▶ Work to be completed: From the first line below to the last, reproduce the material exactly and leave out the images.

▶ Source data:
((

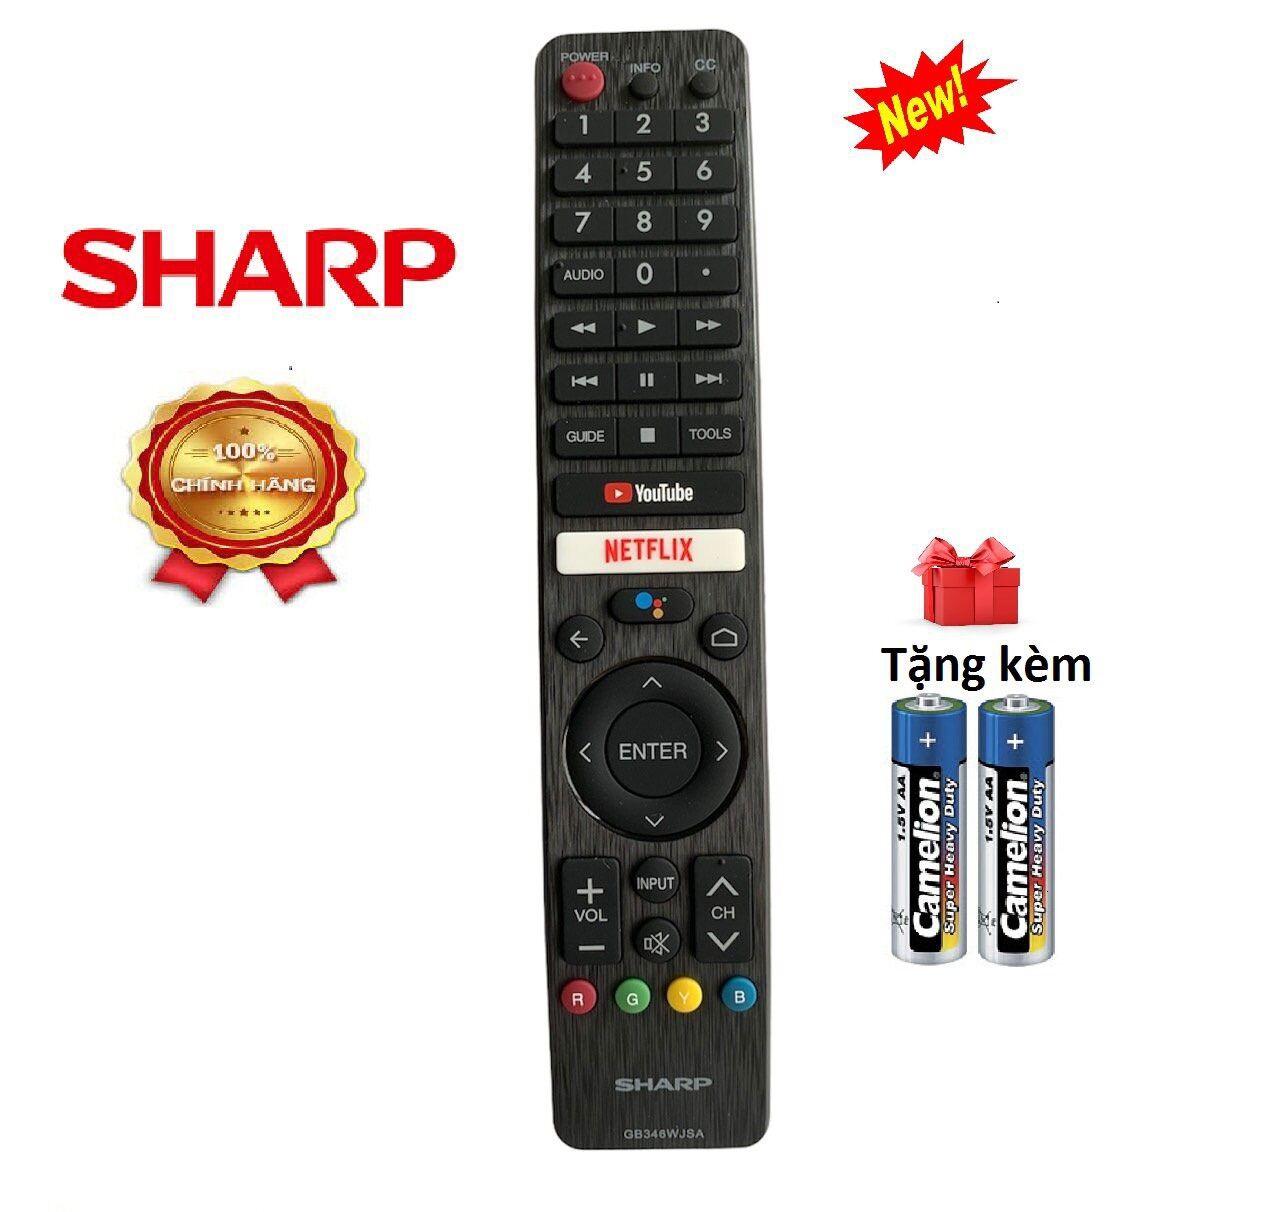 Bảng giá Điều khiển tivi Sharp giọng nói GB346WJSA - Hàng chính hãng [tặng kèm pin]
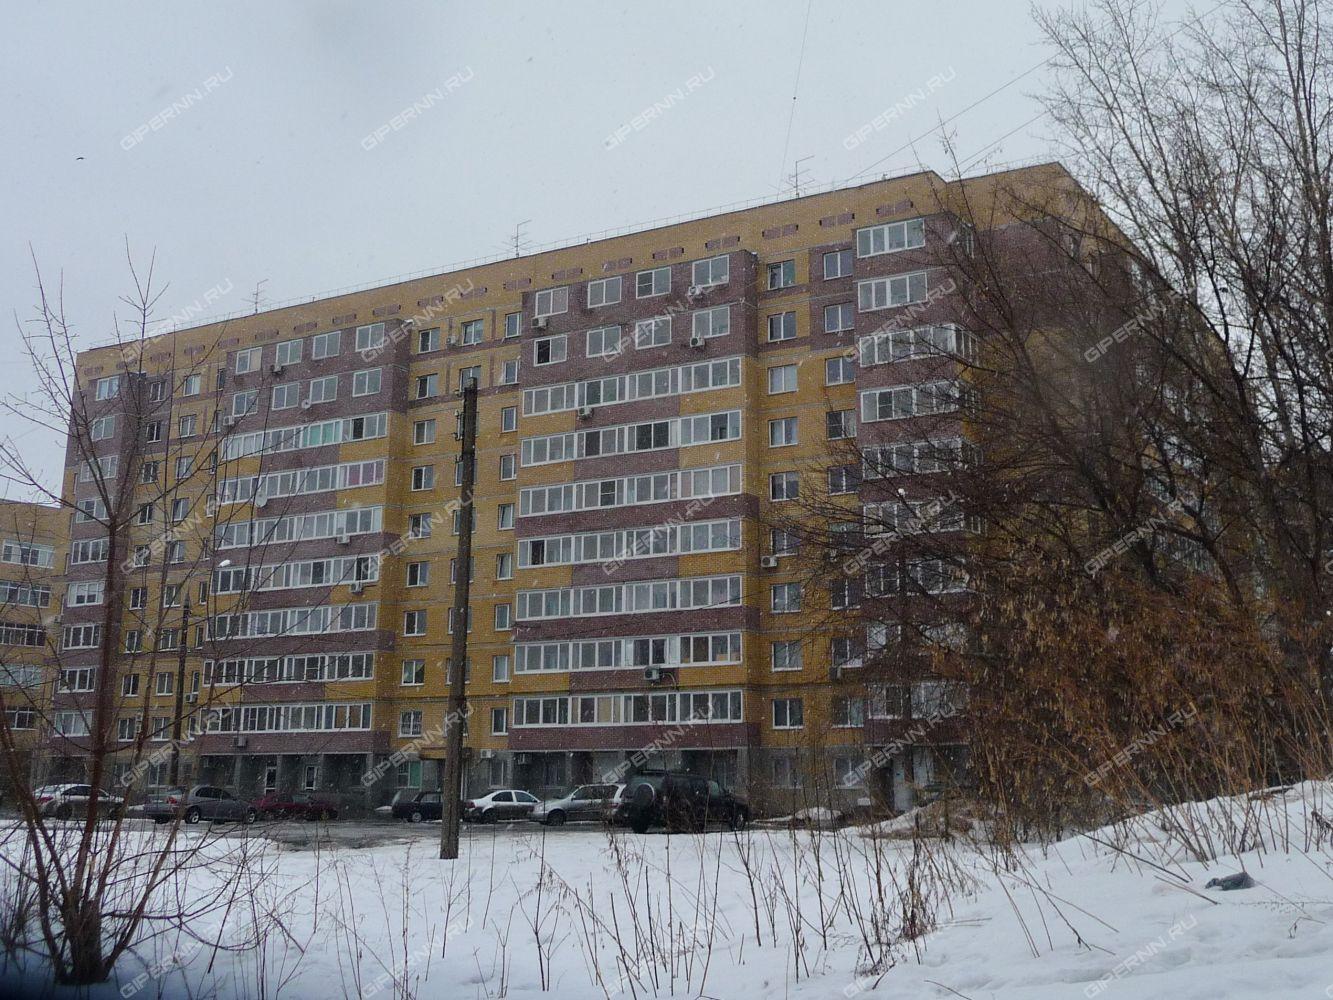 Узаконить перепланировку квартиры 🔓 через суд: документы
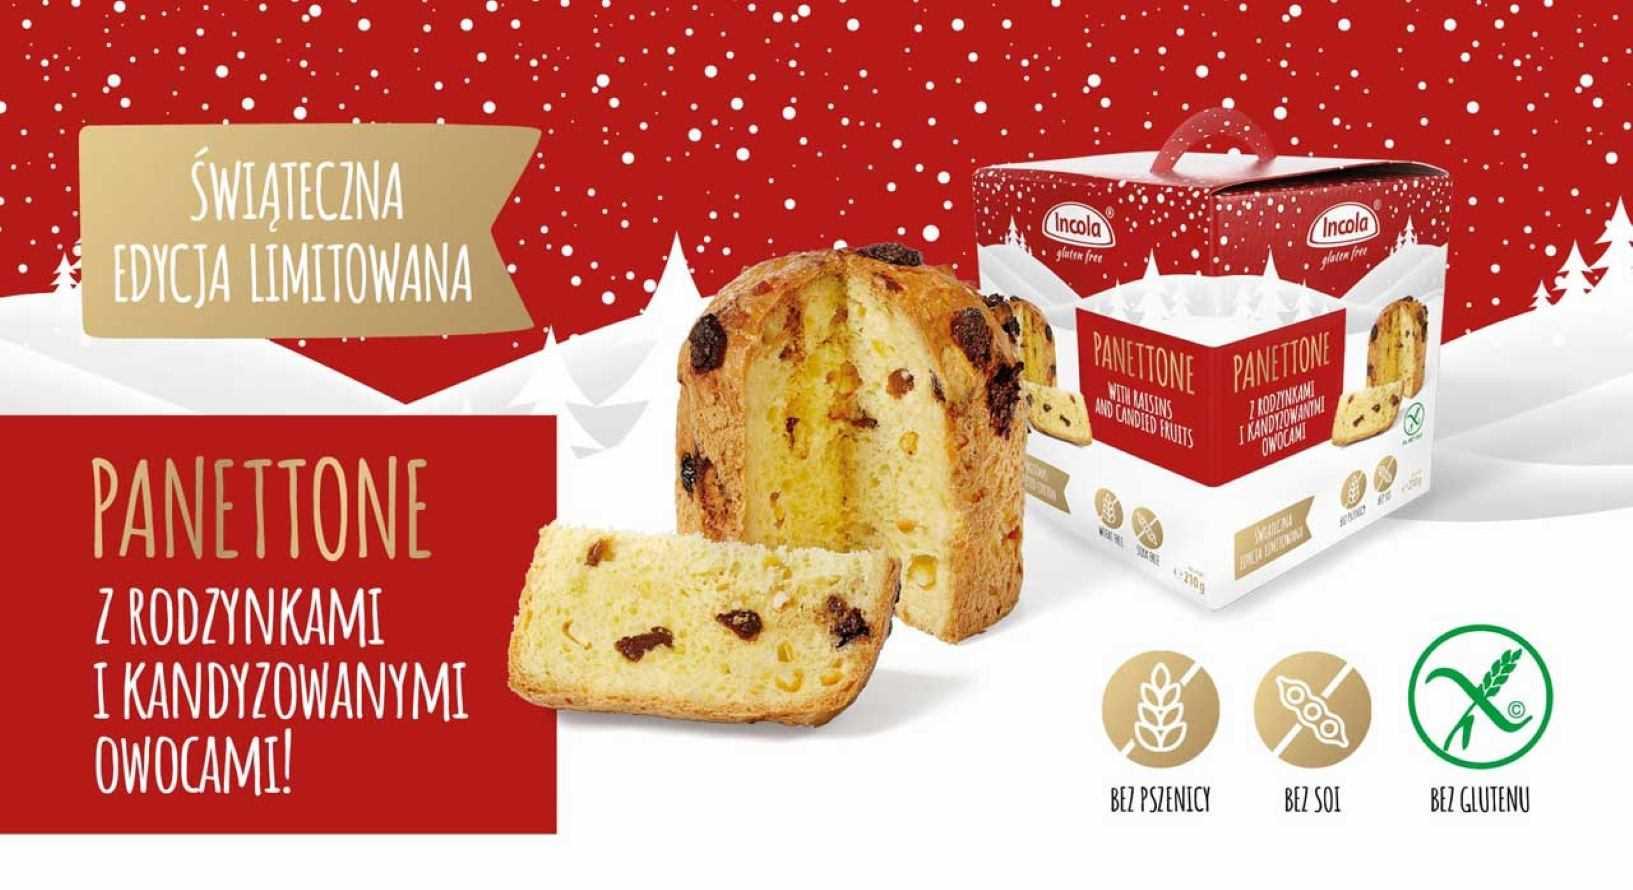 Świąteczna edycja limitowana Incola Panettone z rodzynkami kandyzowanymi i owocami

))

▶ Response area:
 Bảng giá Điều khiển tivi Sharp giọng nói GB346WJSA - Hàng chính hãng [tặng kèm pin]
 Узаконить перепланировку квартиры 🔓 через суд: документы
 Świąteczna edycja limitowana Incola Panettone z rodzynkami kandyzowanymi i owocami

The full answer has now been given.